The new year arrived with some bad press for the small but vocal group of electricity deregulation advocates that continues to peddle its preferred policy prescriptions.  It came in the form of a New York Times article highlighting the failure of electricity deregulation to deliver on its promises of lower energy costs for consumers.

While Energy Twitter gadflies made a parlor game out of pointing out misused acronyms and nomenclature in the story, that misses the forest for the trees.  The salient takeaway was that the Times found it was traditional, state-centric utility regulation that continues to deliver the best value for consumers.  In its own words, “Average retail electricity costs in the 35 states that have partly or entirely broken apart the generation, transmission and retail distribution of energy into separate businesses have risen faster than rates in the 15 states that have not deregulated, including Florida and Oregon. That difference has persisted for much of the last two decades or so, including in the last year, when energy prices increased worldwide after Russia invaded Ukraine.  On average, residents living in a deregulated market pay $40 more per month for electricity than those in the states that let individual utilities control most or all parts of the grid.

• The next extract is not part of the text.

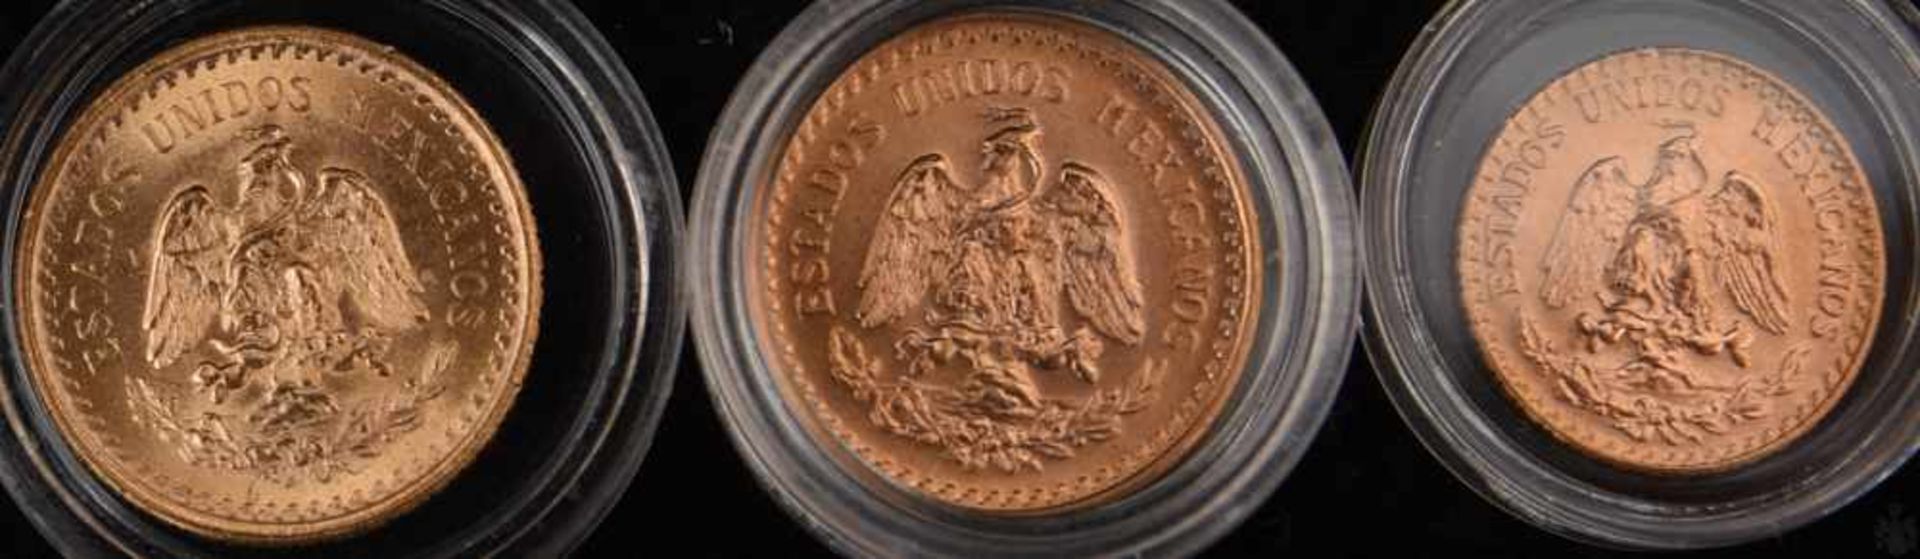 GOLDMÜNZEN, Konvolut Mexico Pesos Gold, 20. Jhd. (11)7 Münzen Mexico1 x 50 Pesos Centenario 41,667 - Bild 9 aus 9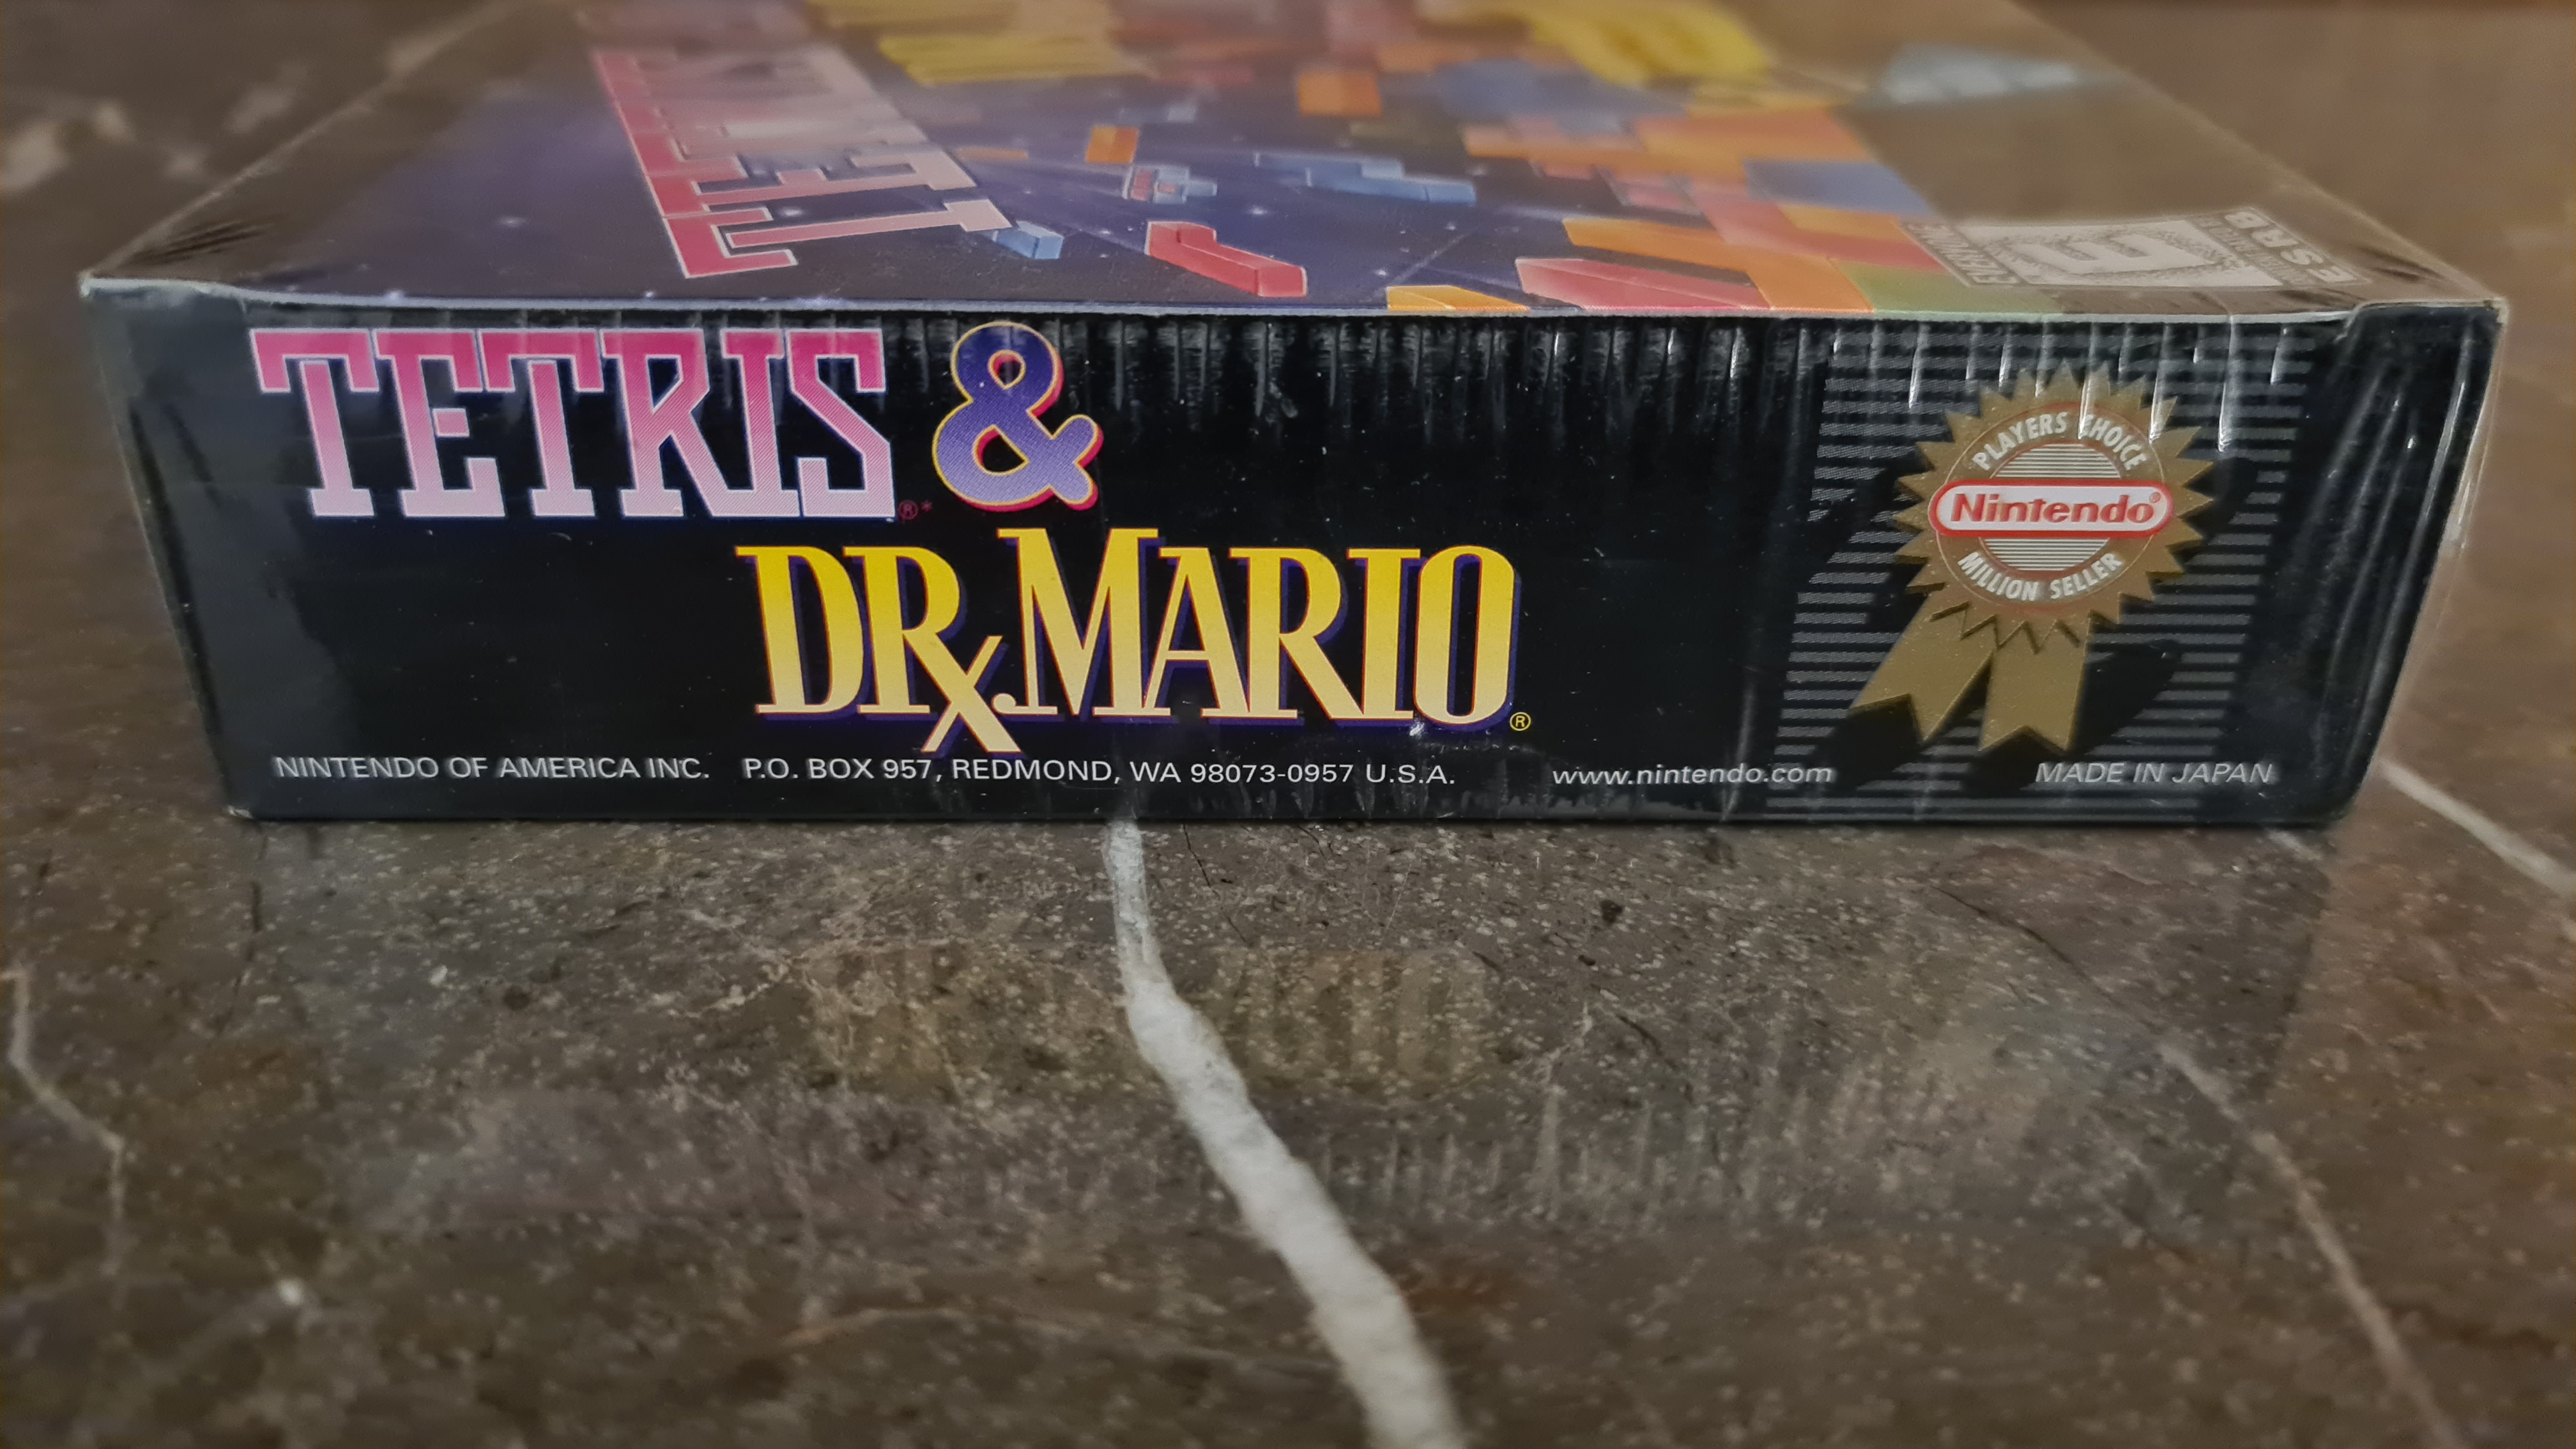 Tetris & Dr. Mario (Super Nintendo)

Deregulated areas have had higher prices as far back as 1998.”

The article notes that the primary drivers for these differences arise from at least two factors: (1) wholesale market design in which all suppliers – regardless of their own costs – get paid what the most expensive units needed for reliability require for compensation to run; and (2) the increasing cost of transmission being passed on to consumers.

Put another way, it is all about design incentives.  Deregulation, as defined by the Times, creates individual products that are piece-parts (generation, transmission, distribution) of the system that provides a usable product – electricity – to consumers.  In practice, this can result in an outcome in which the different products (like generation and transmission) each individually maximize profits, with limited consideration for what that means for the rate paid by average customers who receive a bill each month.  In contrast, when a utility is traditionally regulated – as in the 15 states the Times noted have lower overall costs – it must go before a state regulatory commission to prove the way it is handling investments, as a whole, provide reasonably priced service to its customers.  In the utility industry, this is known as “bundled” service.  When a regulator reviews this bundled rate, it is seeking to ensure that generation, transmission and distribution are planned cohesively and work together to provide a reasonably priced product to the end-use customer.

As with any complicated topic, a mainstream press article is likely to raise at least as many questions as it answers, and this one is no different.  The article lumps all states that have joined RTOs as having been “deregulated,” a point the crew on Twitter seized on to try and point out lack of understanding.  But further analysis could seek to explore the distinctions between the states that have fully deregulated, and those that have maintained some aspects of vertical integration while existing within an entity like an RTO/ISO.  It might also attempt to better quantify how much more consumers have been paying for generation given the unique nature of how the organized markets price energy.  It would be illuminating to know the extent of any windfall profits that generators may have earned from these wholesale market design choices.  Analyzing reliability data amongst different regulatory regimes might prove enlightening also.  It’s all worthy of more discussion and debate, but this much is clear:  2023 has arrived and the deregulation cabal is on notice.  The press is watching, and they are awakening to the fact that the promises of deregulation are being weighed against the failures of its results.